柳墨一面努力把舌頭往裏面伸,一面道:“看不見便看不見,你的馬聰明,它自己會走。”

那馬仰天打了個響鼻,一蹄子踩在一塊石頭上,一滑,整個馬身歪了一歪。馬上的兩人正吻得暈頭轉向,冷不防被這麽一歪,哎呀聲中,一起滾落馬下。

那馬站住了,回過頭來,沖著兩人又打了個響鼻。聰明的馬會走路,可誰告訴你聰明的馬負了兩個人還能長途奔馳不覺疲累的?

柳墨坐起身來,輕輕打了那馬一下,笑罵:“死馬!”

楚錚仍躺在地上,轉頭四顧,道:“這裏風景也不錯,不如就留在此處?”

柳墨立即搖頭:“還是去鬧市,有酒樓,有畫舫,有山有水,有風花有雪月的地方。”他掰著手指頭道:“我要同你飲酒賞花,游湖看月,還要同你吟詩作畫……哎呀這個你不成!只好我吟詩給你聽,作畫給你看,你可以舞劍給我看……”

楚錚只笑著看他。

柳墨俯身下來,輕吻他的臉:“留在此處也成,不能飲酒賞花,游湖看月,看看青山綠水,也好得很!”只要是同你一起,哪怕窮山惡水,也勝似仙境。

老天說有志者事竟成,又說大難不死必有後福,當真不假!

茶肆裏少了什麽也不會少了水缸。

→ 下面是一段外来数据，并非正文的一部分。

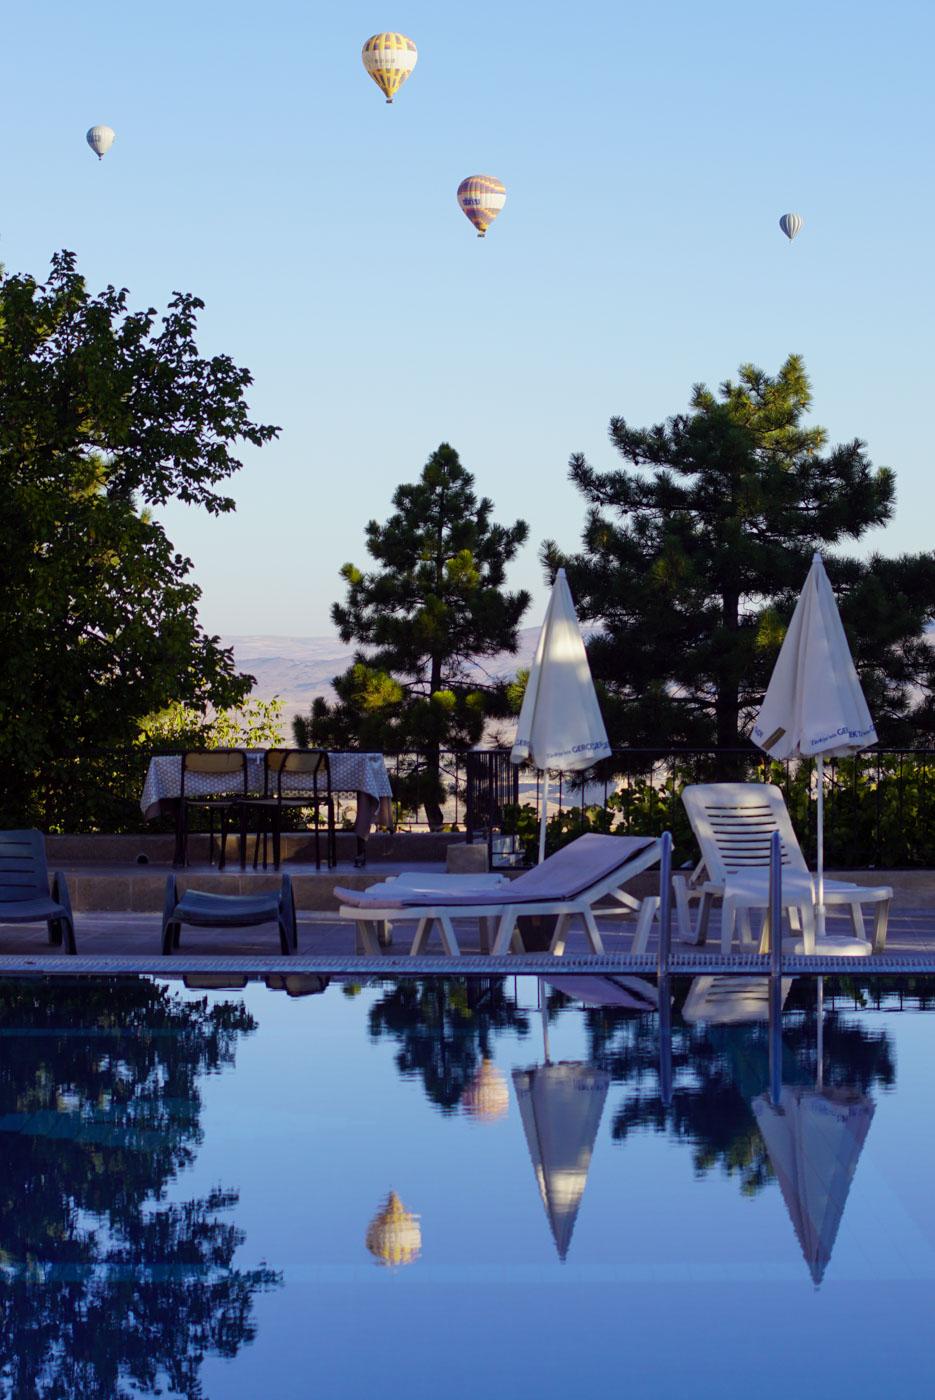 Blicke auf einen Swimmingpool in Göreme im Hintergrund sind drei Heißluftballons zu sehen die sich im Wasser des Pools wiederspiegeln.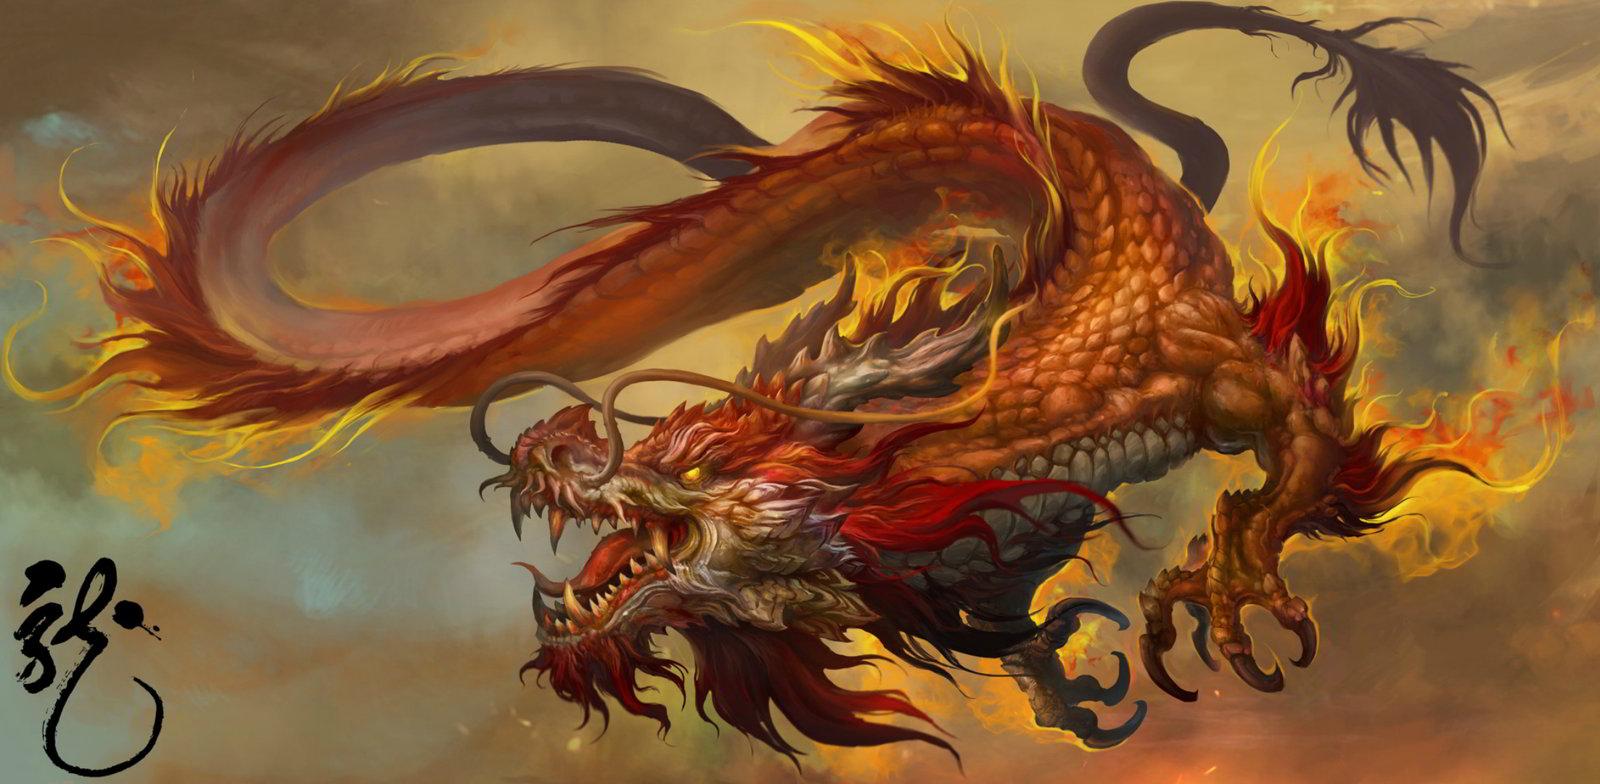 Top 100 Hinh ảnh Rồng đẹp Nhất Dragon Huyền Thoại

那夜他躲在水缸裏,竟然就此逃得一命,還生生自楚侯爺手裏把楚錚拐跑了。

太陽終於落下了,伴著不時的馬嘶聲,夜色中響起了讓人臉紅的聲音,不知是誰,在輾轉呻吟,又不知是誰,在夜風中喃喃訴說著無數愛語。

永慶二十一年,楚錚初入京師,年十七。鬧市裏金鞭縱馬,疾馳如風,揚起漫天塵沙。

夕陽正好,落日樓頭,端坐了風流聞天下的柳墨柳公子。

偶然間四目相對。

楚錚駐馬。

柳墨凝眸。

一眼,定了一世情緣。

全文完!

番外

春天這個季節適合做很多事,最適合的事,是發春。

那帶著花香的甜美氣息,簡直就是世上最好的春藥。而那溫暖的春風溫柔地拂過,多麽像情人多情的小手,簡直比世上最好的春藥還厲害,不發春的,還是男人麽?

這是柳墨說的。

當然柳墨這個人是哪怕三九嚴冬也能時時發春的,只要他對著楚錚,現在到了春天,發春不免尤其厲害,發得纏綿悱惻,一發不可收拾。夜裏是不消說了,往往每日裏日上三竿了還要纏著楚錚不許他起身,要做那不要臉的勾當。

三合三進的院子,白墻青瓦,裏面布了假山池塘,亦有不少花草藤蔓,布局錯落,雖然不夠富麗堂皇,但勝在雅致利落。這院子坐落在銀月湖邊上,晚上想出來,便可以游湖賞月,離鬧市也不遠,騎上馬,一刻鐘便到了。銀州是個好地方,十裏煙花地,繁華勝過帝京,看雜耍,聽小曲,吃酒樓,怎麽都行。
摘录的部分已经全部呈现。